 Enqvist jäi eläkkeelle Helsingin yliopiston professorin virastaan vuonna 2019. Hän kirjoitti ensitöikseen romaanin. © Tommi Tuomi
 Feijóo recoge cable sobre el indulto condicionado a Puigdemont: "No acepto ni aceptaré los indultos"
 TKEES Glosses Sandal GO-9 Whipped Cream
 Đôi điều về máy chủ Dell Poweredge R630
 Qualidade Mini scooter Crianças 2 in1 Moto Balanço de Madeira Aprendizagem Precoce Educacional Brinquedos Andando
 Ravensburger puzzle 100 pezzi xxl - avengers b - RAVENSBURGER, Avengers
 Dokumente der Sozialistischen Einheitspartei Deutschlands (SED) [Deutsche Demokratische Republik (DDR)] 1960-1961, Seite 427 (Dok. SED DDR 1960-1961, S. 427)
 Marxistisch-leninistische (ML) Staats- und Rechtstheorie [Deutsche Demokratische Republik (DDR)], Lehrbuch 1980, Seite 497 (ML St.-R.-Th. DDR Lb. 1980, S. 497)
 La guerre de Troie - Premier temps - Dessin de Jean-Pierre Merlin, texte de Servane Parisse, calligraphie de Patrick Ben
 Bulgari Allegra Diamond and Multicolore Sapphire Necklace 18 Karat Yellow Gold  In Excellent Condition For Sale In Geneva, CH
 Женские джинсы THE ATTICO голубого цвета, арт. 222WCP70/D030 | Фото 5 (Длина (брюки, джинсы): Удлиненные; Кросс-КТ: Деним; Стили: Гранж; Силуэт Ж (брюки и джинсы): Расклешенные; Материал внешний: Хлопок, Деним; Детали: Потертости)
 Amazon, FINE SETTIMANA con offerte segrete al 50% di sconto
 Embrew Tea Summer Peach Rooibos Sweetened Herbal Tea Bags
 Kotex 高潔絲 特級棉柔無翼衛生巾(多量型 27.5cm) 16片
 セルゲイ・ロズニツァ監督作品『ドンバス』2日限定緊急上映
____________
WHAT THIS TASK INVOLVES: Search the entries for "Deutsche" and show every line that has it.

ANSWER TO THIS TASK:
 Dokumente der Sozialistischen Einheitspartei Deutschlands (SED) [Deutsche Demokratische Republik (DDR)] 1960-1961, Seite 427 (Dok. SED DDR 1960-1961, S. 427)
 Marxistisch-leninistische (ML) Staats- und Rechtstheorie [Deutsche Demokratische Republik (DDR)], Lehrbuch 1980, Seite 497 (ML St.-R.-Th. DDR Lb. 1980, S. 497)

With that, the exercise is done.